Do you think it makes sense to have one type coercion rule or multiple? It might be more efficient to have one rule that can handle all the cases?

I go through your #3101, which add an optimizer rule to do the type coercion.
I feels a little wired about the implementation, but I think it works and can migrate the type coercion from physical phase to logical phase.

I want to investigate other system and find out where to do the type coercion for the input expr.

@andygrove @alamb

liukun4515 · 2022-08-23T08:41:50Z

I fixed the ci.
If it looks good for you, please help to approve it or merge it.
After it merged, i will go on follow-up issue or task.

@alamb @andygrove

andygrove · 2022-08-23T13:33:48Z

datafusion/optimizer/src/pre_cast_lit_in_comparison.rs

+            let left_type = left_type.unwrap();
+            let right_type = right_type.unwrap();


I know the unwrap calls here are safe due to the previous check, but we can still use ? instead.

Suggested change

let left_type = left_type.unwrap();

let right_type = right_type.unwrap();

let left_type = left_type?;

let right_type = right_type?;

@andygrove got it, and will refine this in the next pr 👍

andygrove · 2022-08-23T13:35:08Z

datafusion/optimizer/src/pre_cast_lit_in_comparison.rs

+                        )
+                        .unwrap() =>


Suggested change

)

.unwrap() =>

)? =>

andygrove · 2022-08-23T13:35:55Z

datafusion/optimizer/src/pre_cast_lit_in_comparison.rs

+    if origin_value.is_null() {
+        // if the origin value is null, just convert to another type of null value
+        // The target type must be satisfied `is_support_data_type` method, we can unwrap safely
+        return Ok(lit(ScalarValue::try_from(target_type).unwrap()));


Suggested change

return Ok(lit(ScalarValue::try_from(target_type).unwrap()));

return Ok(lit(ScalarValue::try_from(target_type)?));

andygrove

LGTM. Thanks @liukun4515. I think it is better to use ? rather than unwrap even if we think unwrap is safe, so left some suggestions but these are not blockers so will go ahead and merge.

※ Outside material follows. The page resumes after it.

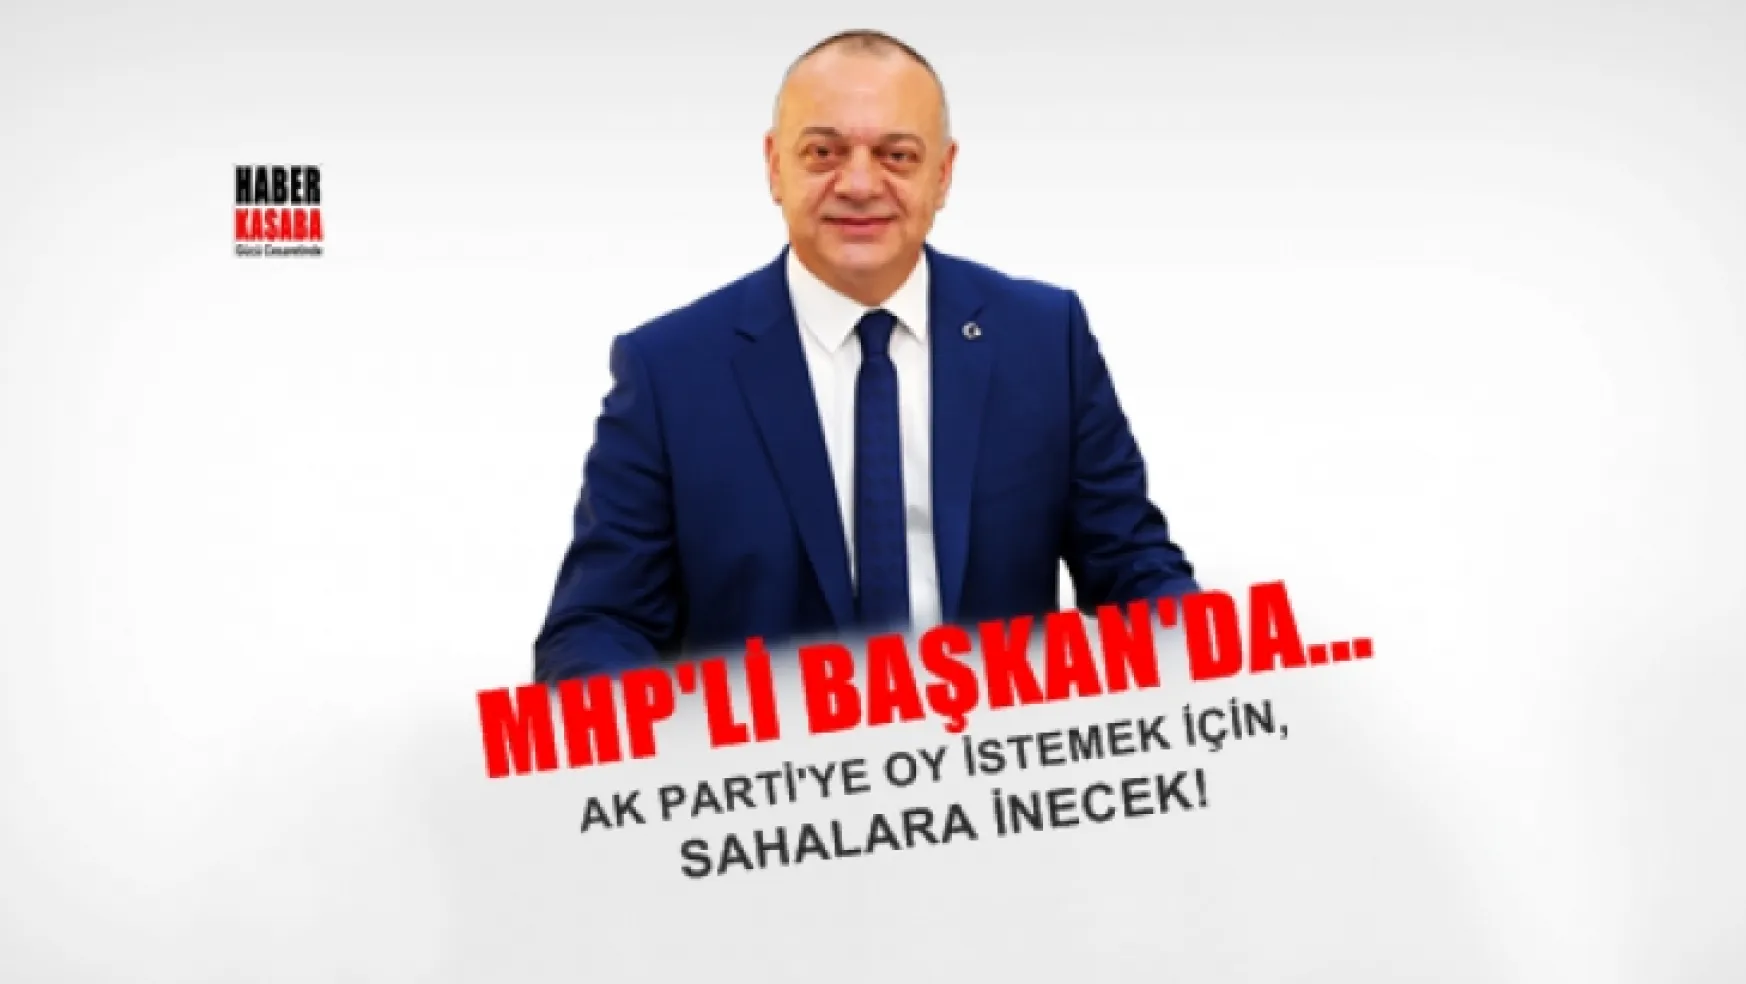 MHP'li Başkanlar AK Parti'ye Oy İsteyecek!

ursabot · 2022-08-23T13:41:42Z

Benchmark runs are scheduled for baseline = eedc787 and contender = 9ecf277. 9ecf277 is a master commit associated with this PR. Results will be available as each benchmark for each run completes.
Conbench compare runs links:
[Skipped ⚠️ Benchmarking of arrow-datafusion-commits is not supported on ec2-t3-xlarge-us-east-2] ec2-t3-xlarge-us-east-2
[Skipped ⚠️ Benchmarking of arrow-datafusion-commits is not supported on test-mac-arm] test-mac-arm
[Skipped ⚠️ Benchmarking of arrow-datafusion-commits is not supported on ursa-i9-9960x] ursa-i9-9960x
[Skipped ⚠️ Benchmarking of arrow-datafusion-commits is not supported on ursa-thinkcentre-m75q] ursa-thinkcentre-m75q
Buildkite builds:
Supported benchmarks:
ec2-t3-xlarge-us-east-2: Supported benchmark langs: Python, R. Runs only benchmarks with cloud = True
test-mac-arm: Supported benchmark langs: C++, Python, R
ursa-i9-9960x: Supported benchmark langs: Python, R, JavaScript
ursa-thinkcentre-m75q: Supported benchmark langs: C++, Java

liukun4515 · 2022-08-23T14:02:33Z

TM. Thanks @liukun4515. I think it is better to use

Thanks for your time and review.
I will refine this in the follow-up pr

alamb · 2022-08-31T13:25:43Z

Sorry for my delayed response

In general I think the coercion logic could use some serious ❤️ in DataFusion as I find it confusing. However, it seems to be working and we are making progress so my plan is to just "go with it" until I hit some issue that gives me an excuse to improve things

alamb · 2022-08-31T13:26:14Z

datafusion/optimizer/src/pre_cast_lit_in_comparison.rs

+/// which data type is `target_type`.
+/// If this false, do nothing.
+///
+/// This is inspired by the optimizer rule `UnwrapCastInBinaryComparison` of Spark.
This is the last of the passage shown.